Мы подошли, перекрестились, стали на колени, поклонились три раза в землю, вновь перекрестились и поцеловали холодный белый мрамор креста.
Потом присели тут же на скамейке. Вдова тихо, молча льет сами бегущие слезы. Я же гримасами лица едва сдерживаю свои. И думаю — как бренна человеческая жизнь! Маневский всю жизнь прожил так честно! Достиг отличного воинского положения! Теперь только бы жить и радоваться и ему, и его молодой красивой супруге — и вот… Он теперь и не видит, и не знает, как горестно страдают у его могилы две любящих его души!
Лидия Павловна, моя сотенная командирша с 1914 года, умная женщина, она отлично понимает, как нам обоим тяжело быть здесь!
— Пойдемте, Федор Иванович… пойдемте домой! Слезами ведь не поможешь горю! Поплакали вот над Жориком, отдохнули душой и… довольно! — говорит она.
Вновь перекрестились, вновь поцеловали холодный белый мрамор креста и тихо, молча вышли на пустынную улицу Майкопа…
В эмиграции Л. П. Маневская проживала в Америке, в Сан-Франциско.
3-й Уманский полк поездом переброшен в район Туапсе для действий против «зеленых». Одна сотня перед Гойтсхим перевалом, остальные сотни расположились в районе станции Кривянка.
В Туапсе расквартирован 3-й Запорожский полк.

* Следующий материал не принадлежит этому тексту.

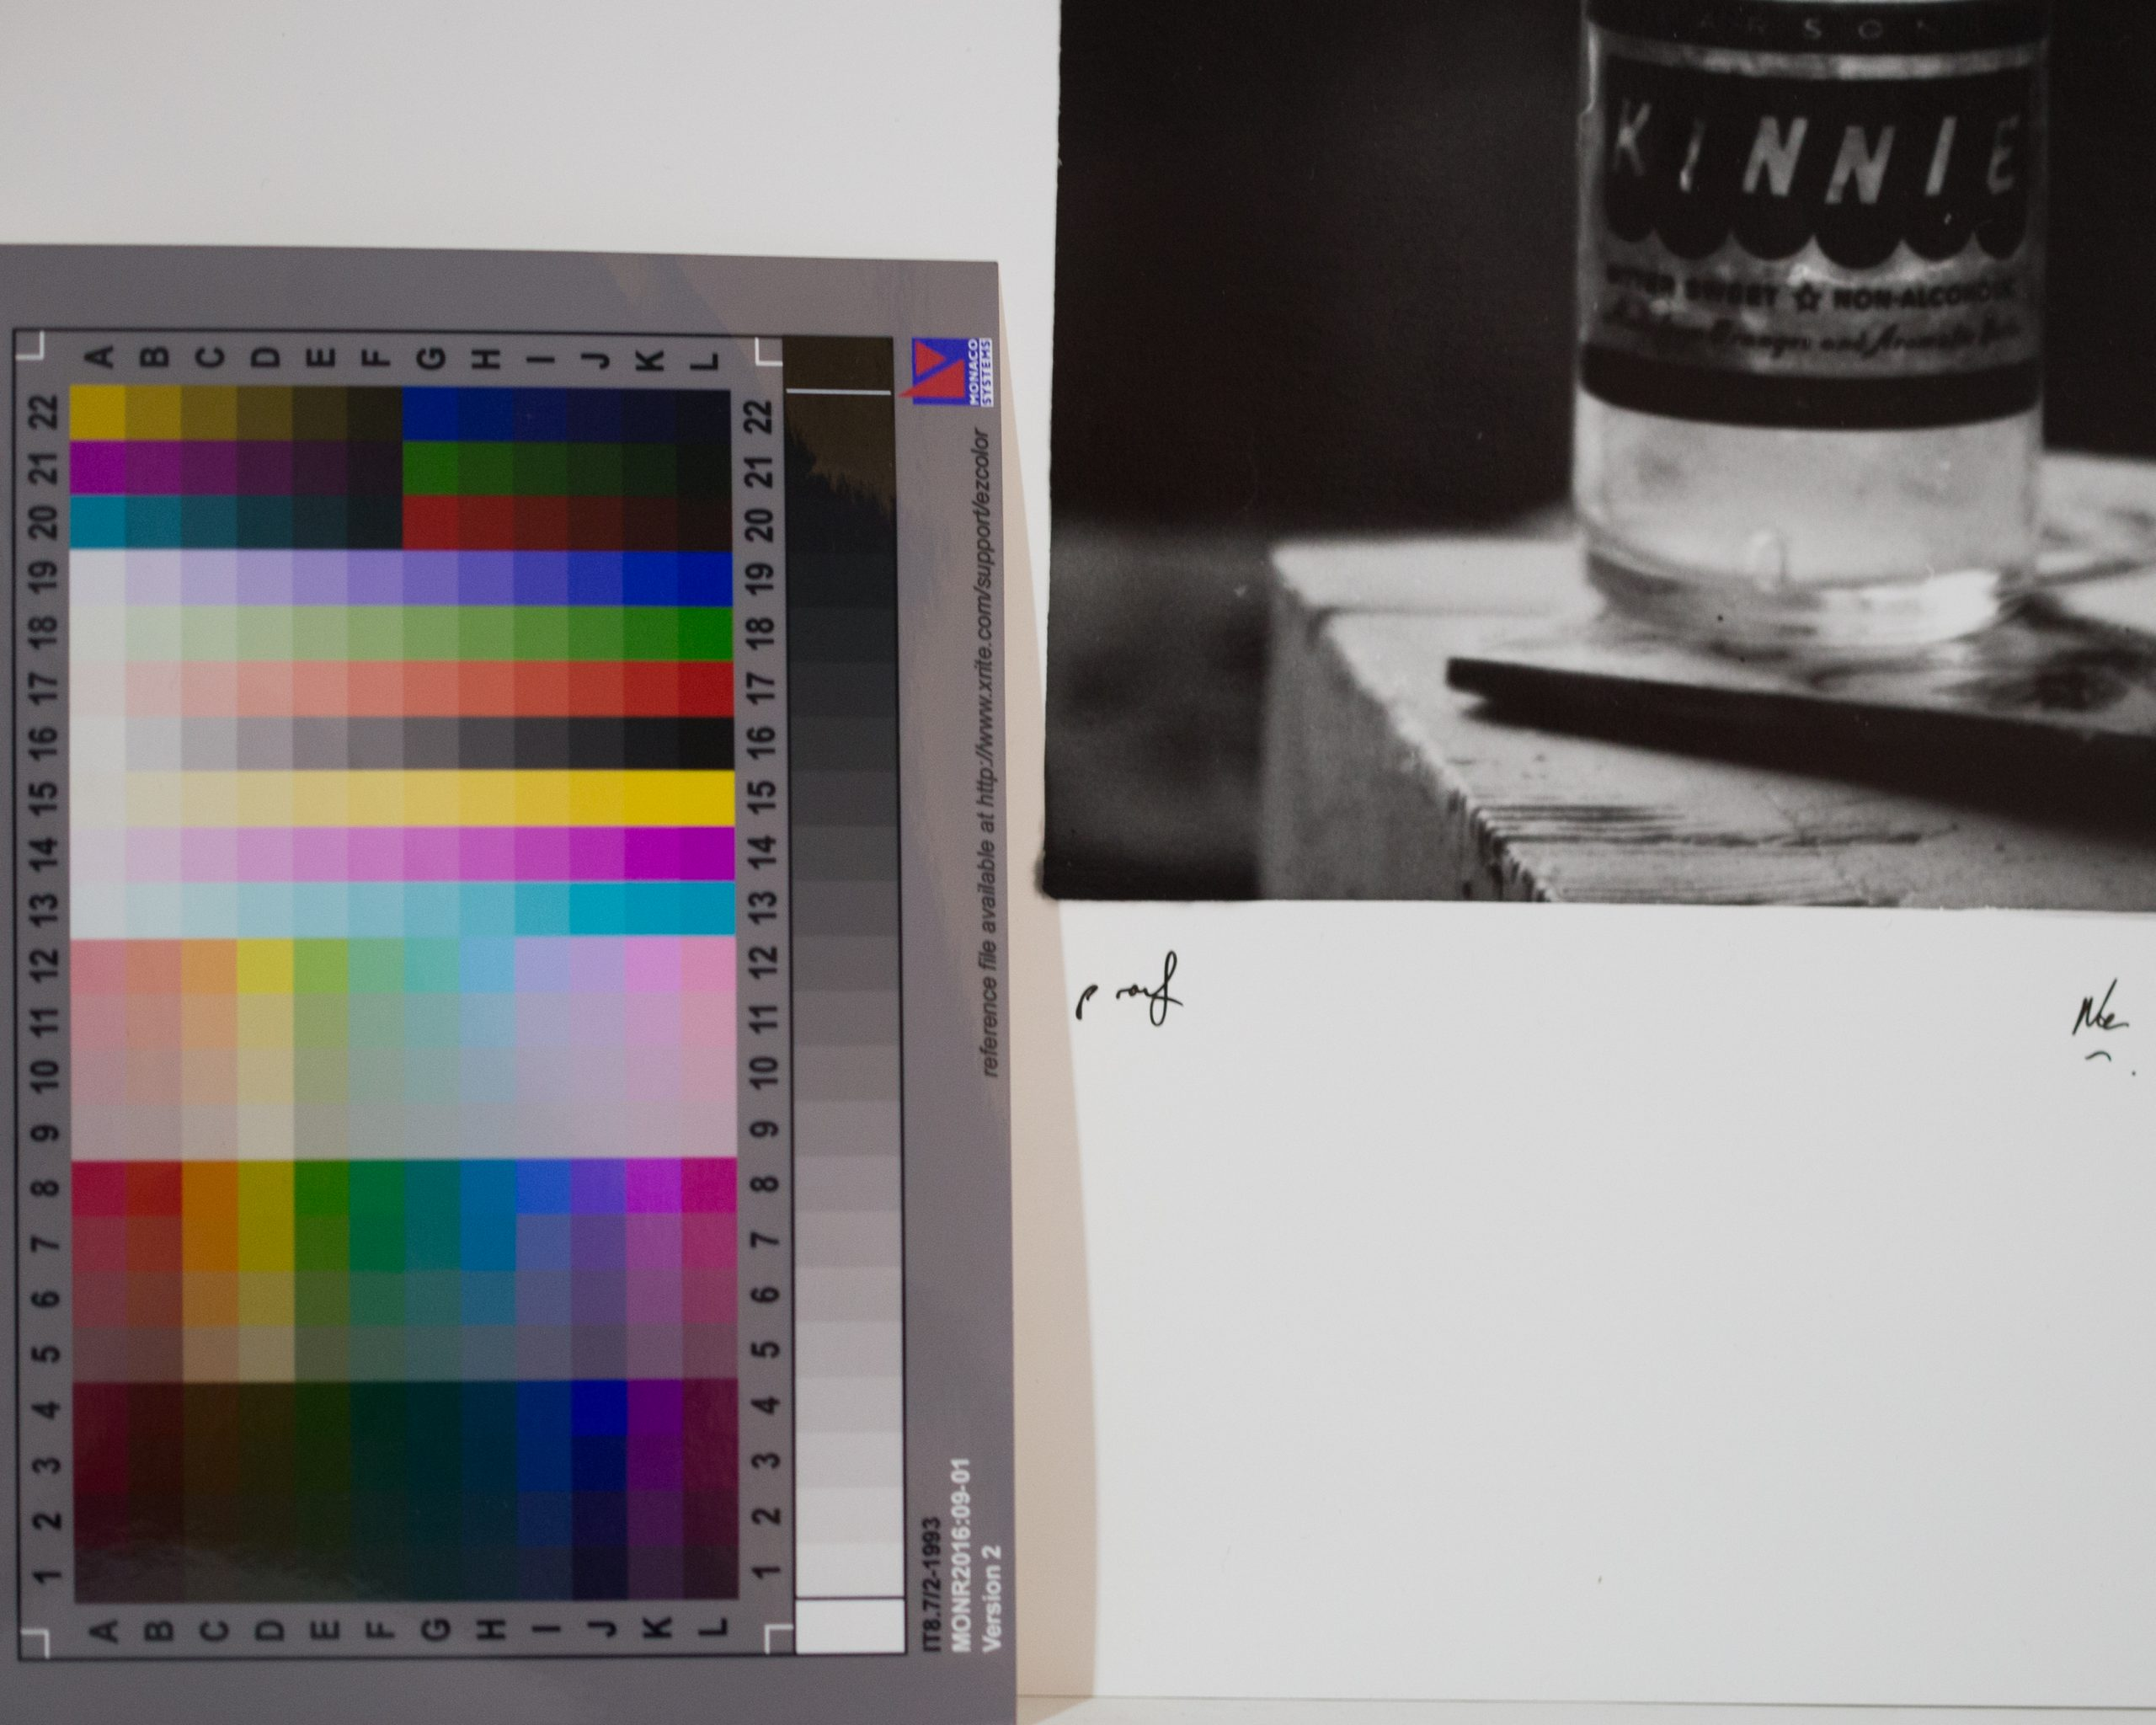 Alan Falzon, Fotographija, Hand Printed Exhibition, Silver Gelatin, Darkroom, Fine Art, Traditional, Hand Made, Unique Prints, Photography, Kinnie, Maltese Soft Drink, Valletta
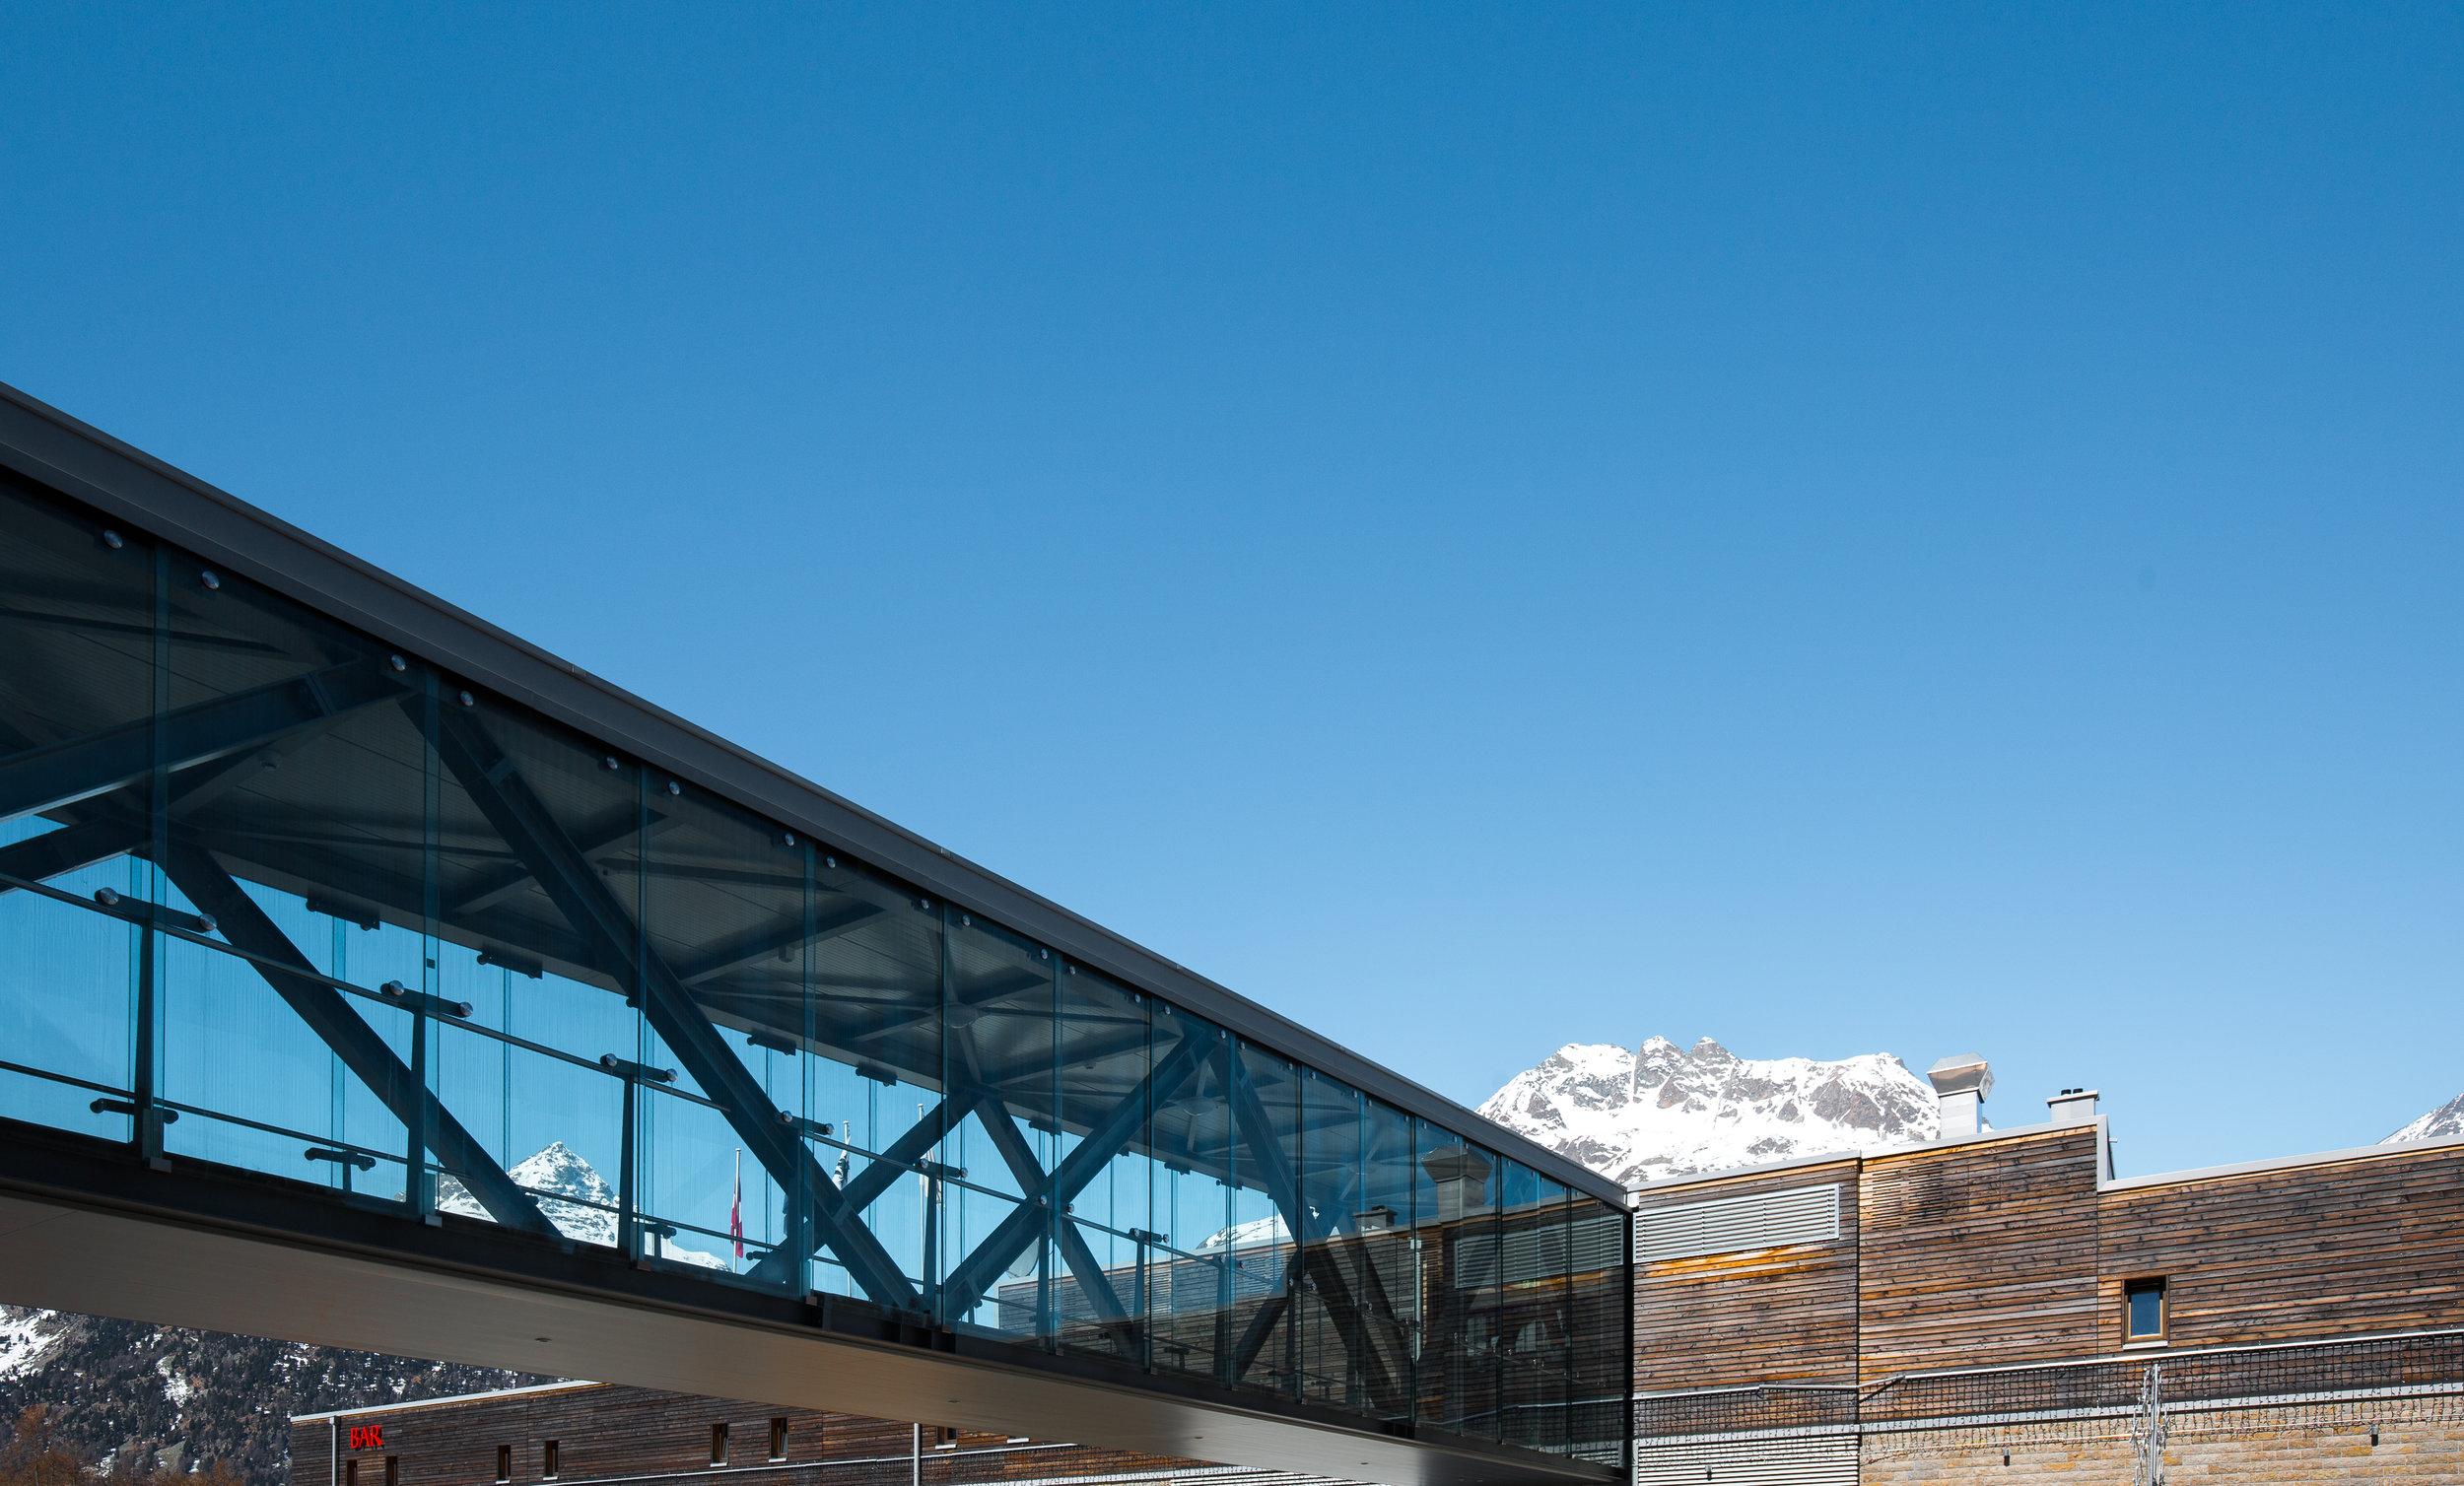 nira alpina-0801.jpg

Им командует пожилой полковник Рахимов.[123] Грустная картина кругом… Фактически — ни службы, ни боевых действий нет. Тускло и мрачно на душе. А главное — бесплодная жизнь. Войска идут победно на Москву, а мы здесь, в глубочайшем своем тылу, бездействуем. Решил бежать на фронт. Отлично знаю, что Гамалий меня не отпустит. Кстати — мать пишет, что предстоит молотьба хлеба, а работать некому!
— Хоть бы ты прибыл, сыночек, помочь мне обмолотить. Святой хлебушко. Мне одной с детьми не справиться…
Гамалий недоволен, что я вновь прошусь в отпуск, но, зная состояние нашей семьи, отпустил.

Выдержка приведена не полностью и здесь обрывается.